Two of the UK’s most technologically advanced fighting machines have paired up off the South West coast to practise working together in a spectacular display.

Royal Navy Type 45 destroyer HMS Defender and Eurofighter Typhoons from the RAF’s II (AC) Squadron have been training off the coast of the UK for the past few days, honing their air-maritime skills.

Under the watchful eye of the Flag Officer Sea Training (FOST) organisation, HMS Defender and II (AC) Squadron also put the Army’s 16 Air Defence regiment through their paces in a series of exercises where they had to defend the UK’s shore.

“Working in partnership with the RAF and Army allows FOST to maintain the world class sea training that is globally recognised. The integration of II(AC) Squadron into our exercises has allowed HMS Defender and the squadron to hone their fighting edge,”

said Captain David Dominy, Captain South to FOST.

Under the exercises, Royal Navy Fighter Controllers on board the warship controlled the Typhoon jets, giving the two Services the opportunity to test how they would work together on live operations.

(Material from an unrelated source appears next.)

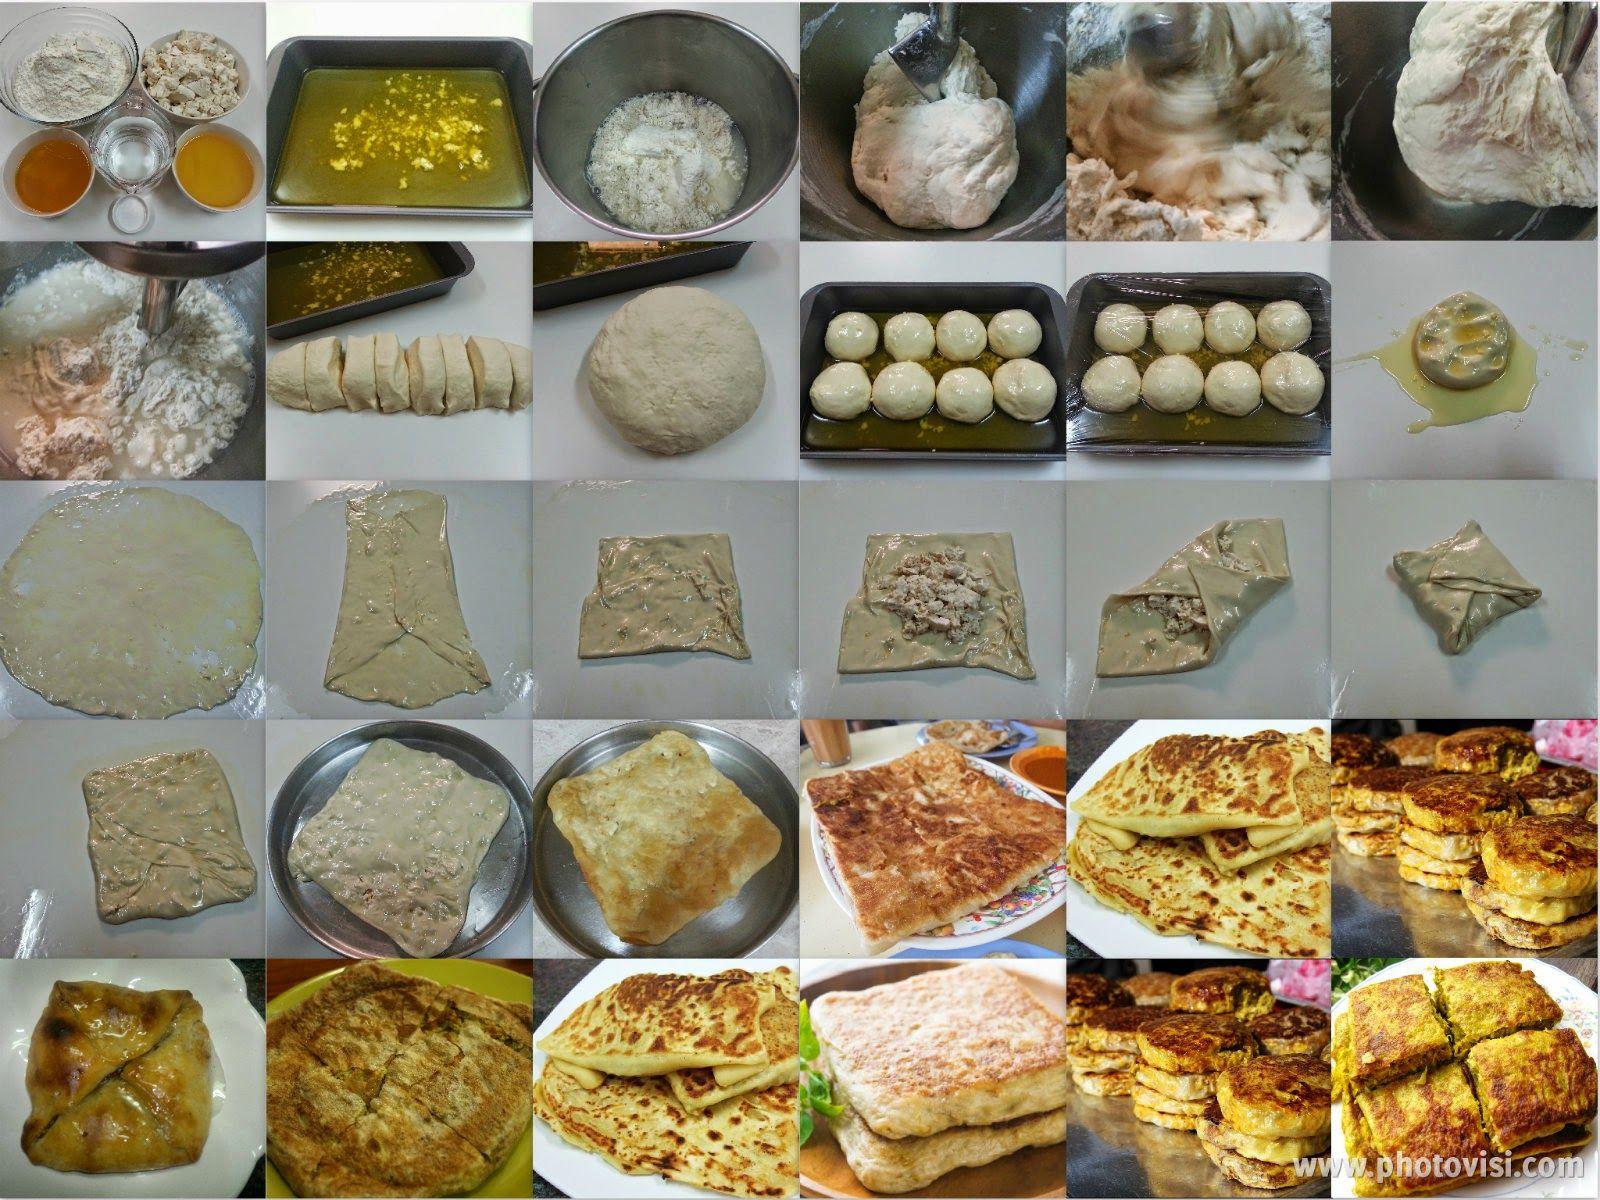 عالم الطبخ والجمال طريقة عمل المطبق الفلسطيني Sweets Recipes Palestinian Food Food

“As the RN and RAF look ahead to the entry into service of the Queen Elizabeth Class aircraft carrier and the F35 Joint Strike Fighter, it is important that we at FOST train partnership working at every level,”

said Lieutenant Matt Bray, Staff Warfare Officer (Fighter Control) to FOST.

“By making the most of every opportunity for Royal Navy Fighter Controllers to work with technologically advanced jets in a dynamic, maritime training environment we ensure that ship’s teams have the necessary experience to achieve success on operations around the world.”

While not in the air, the Typhoons have been based at Royal Naval Air Station Culdrose this week – the other end of the country from their base of RAF Lossiemouth.

A single seat fighter jet, they can operate up to a maximum height of 55,000 feet, with a top speed of up to 1.8 mach. It is a highly capable and extremely agile multi-role combat aircraft, capable of being deployed in the full spectrum of air operations, including air policing, peace support and high intensity conflict.

HMS Defender is the fifth in class of the Royal Navy’s Type 45 Destroyers and is based in Portsmouth. Primarily an air defence warship,she can defend against sophisticated targets such as fighter aircraft or drones as well as highly manoeuvrable sea skimming anti-ship missiles travelling at supersonic speeds.

Equipped with Sea Viper missiles, Phalanx – a radar controlled Gatling gun and a Mark 8 gun – she is a formidable foe for any air or surface threat.